▼

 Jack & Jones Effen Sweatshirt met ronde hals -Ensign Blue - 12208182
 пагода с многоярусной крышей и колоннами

▲
▼

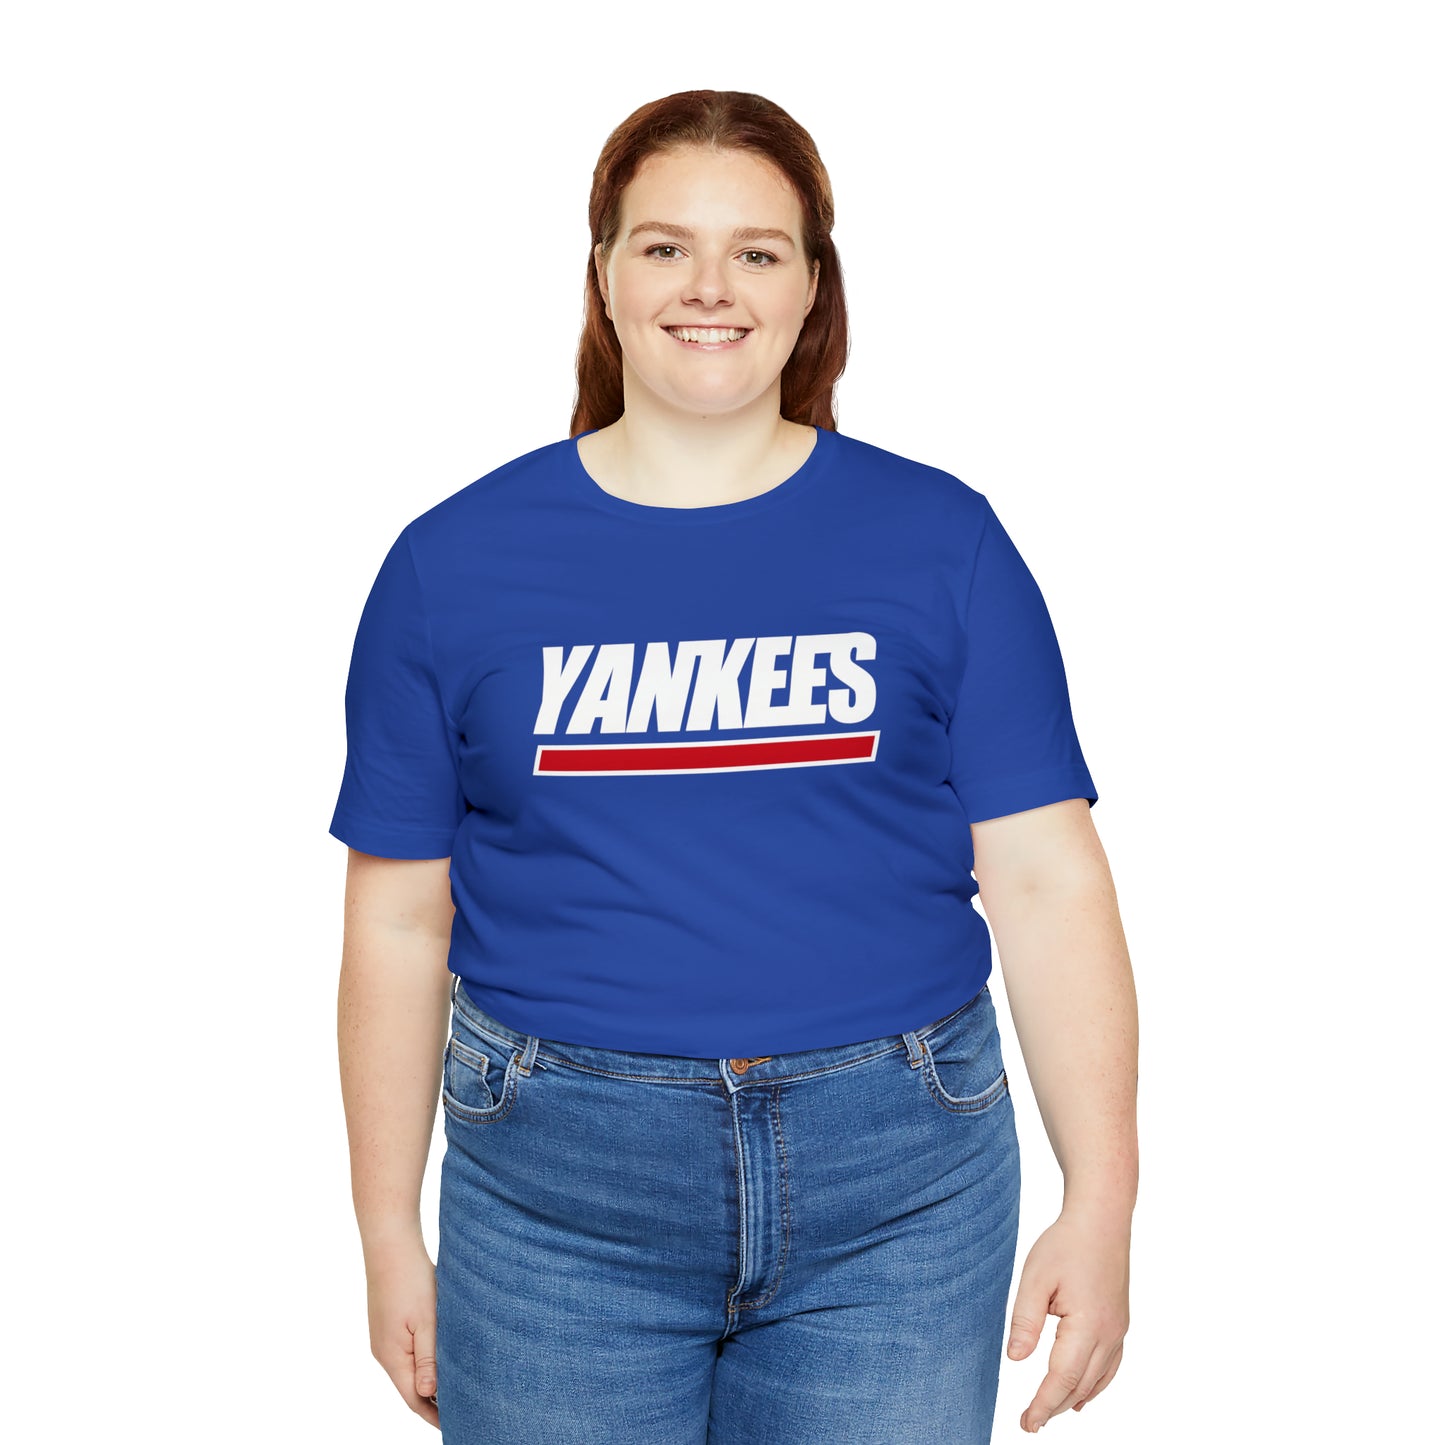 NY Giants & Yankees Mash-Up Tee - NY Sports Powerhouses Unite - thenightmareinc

▲
▼

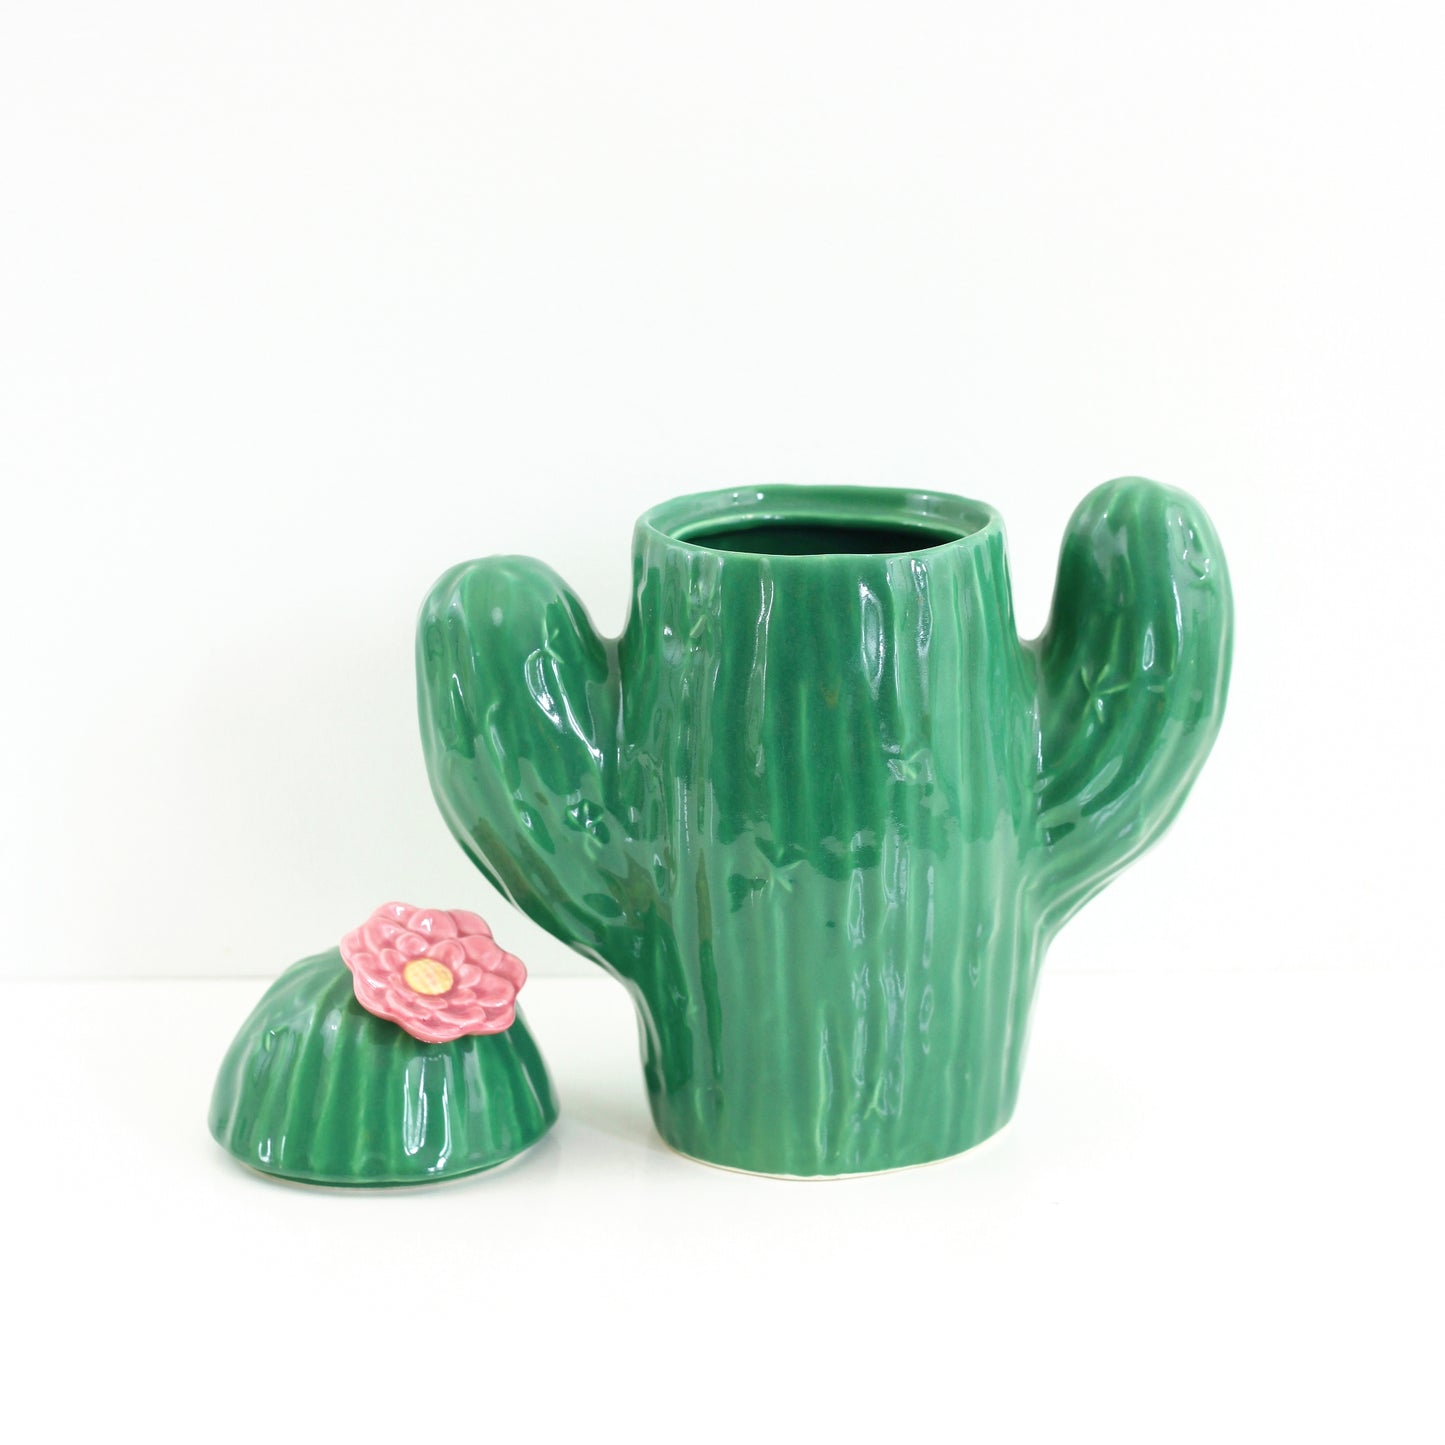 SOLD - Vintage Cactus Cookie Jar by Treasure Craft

▲

An exact copy of the lines above, from the one containing "Jack & Jones" through the one containing "пагода с многоярусной крышей и колоннами", is the whole of the answer.

## SOLUTION BELOW
 Jack & Jones Effen Sweatshirt met ronde hals -Ensign Blue - 12208182
 пагода с многоярусной крышей и колоннами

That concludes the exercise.